Data marts & data warehouse: A data mart is one piece of a data warehouse where all the
information is related to a specific business area. Therefore, it is considered a subset of all the
data stored in that particular database, since all data marts together create a data warehouse.
Data visualization: Today, data visualization has become a rapidly evolving blend of science and
art that is certain to change the corporate landscape over the next few years. oday, data
visualization has become a rapidly evolving blend of science and art that is certain to change
the corporate landscape over the next few years. Tableau public is a popular data visualization
tool that's also completely free.
Data wrangling: the messy, incomplete data or data that is too complex and simplify and/or
clean it so that it’s useable for analysis — and you’ll have done data wrangling. Pandas is one of
the most popular Python library for data wrangling
Data governance: data governance establishes the rules of the data-use game. Data
governance becomes the function that owns the quality of data across the organization. The
participating policy makers ensure that standards are in place, that data quality is monitored,
and that new/emerging data and data sources are always tied into the rest of the data picture
for the business. As many industries have very refined data that is easier to capture and always
consistent, data governance is sometimes viewed as an information technology (IT) function.

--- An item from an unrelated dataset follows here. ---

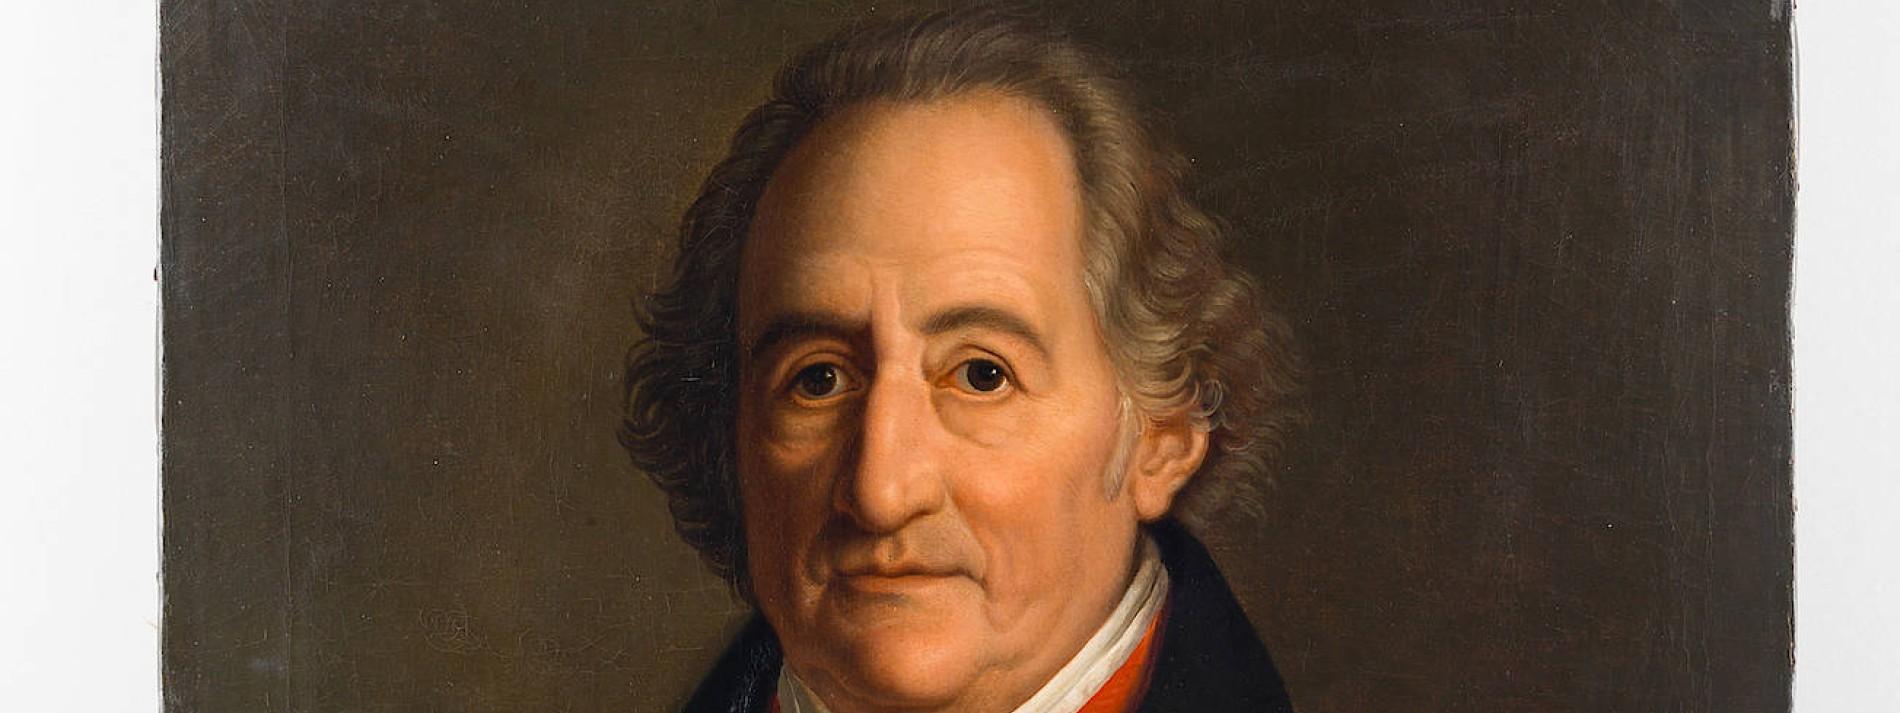 Über ehe goethe die Goethe über

Machine learning: The use of algorithms to allow a computer to analyze data for the purpose of
“learning” what action to take when a specific pattern or event occurs.

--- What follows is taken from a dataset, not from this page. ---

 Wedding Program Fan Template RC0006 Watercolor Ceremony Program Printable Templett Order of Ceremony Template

Data clustering: Data analysis for the purpose of identifying similarities and differences among data
sets so that similar data sets can be clustered together.
Correlation analysis
Descriptive analytics
Predictive analytics (modelling)
Structured data vs Unstructured data: Spreadsheeets vs Emails
Unstructured data files often include text and multimedia content. Examples include e-mail
messages, word processing documents, videos, photos, audio files, presentations, webpages
and many other kinds of business documents. Note that while these sorts of files may have an
internal structure, they are still considered "unstructured" because the data they contain
doesn't fit neatly in a database.
Experts estimate that 80 to 90 percent of the data in any organization is unstructured. And the
amount of unstructured data in enterprises is growing significantly — often many times faster
than structured databases are growing.
Semi-Structured Data: In addition to structured and unstructured data, there's also a third
category: semi-structured data. Semi-structured data is information that doesn't reside in a
relational database but that does have some organizational properties that make it easier to
analyze. Examples of semi-structured data might include XML documents.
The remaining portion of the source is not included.